# minimum space for HO



## Brinkleyfish (Jan 28, 2021)

Going to build a new railroad. I have built bench work which is L shaped and following dimensions:

144" long and 36" wide. Is the width good for HO or should I go to N? I want to loop with a few switches.

Thanks in advance,
Brinkleyfish


----------



## ecmdrw5 (Jan 16, 2021)

That means a 18” radius corner, which is measured from the center of the track, will hang over the edge. IMO, Unless you can’t go any deeper go N scale.

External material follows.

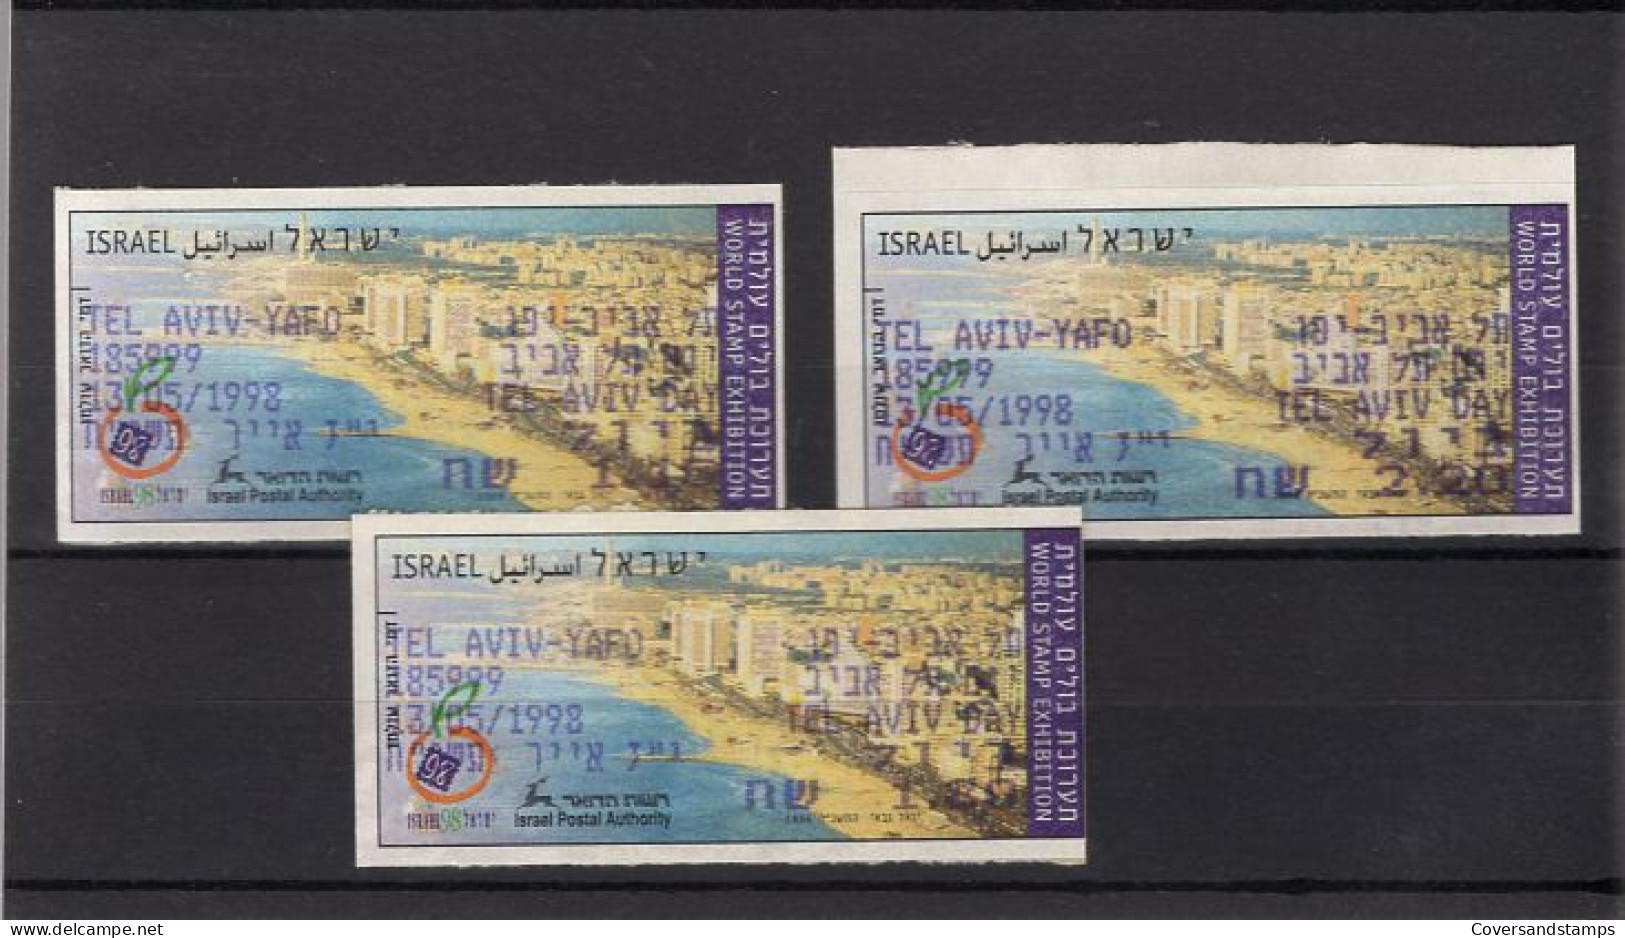  Israêl - World Stamp Exhibition Tel Aviv-Yafo 1998 ** MNH - Franking Labels

Sent from my iPhone using Tapatalk


----------



## CTValleyRR (Jul 26, 2014)

Definitely N, if that's all the space you can come up with.


----------



## DonR (Oct 18, 2012)

You can barely get a 22" radius HO curve on a 4 ft width...and that is the minimum radius
unless you run 4 wheel truck locos or very small steamers which will run on 18".. Today's big 6 wheel truck
diesels and tbe bigger stearmers run better on 26" radius and that would require 5 ft width.

Don


----------



## CTValleyRR (Jul 26, 2014)

And, once you get to 5 feet wide, you're talking about reach issues to get to anything in the center of the layout (assuming you have access on all 4 sides).


----------



## Brinkleyfish (Jan 28, 2021)

Thanks for the information everyone.


----------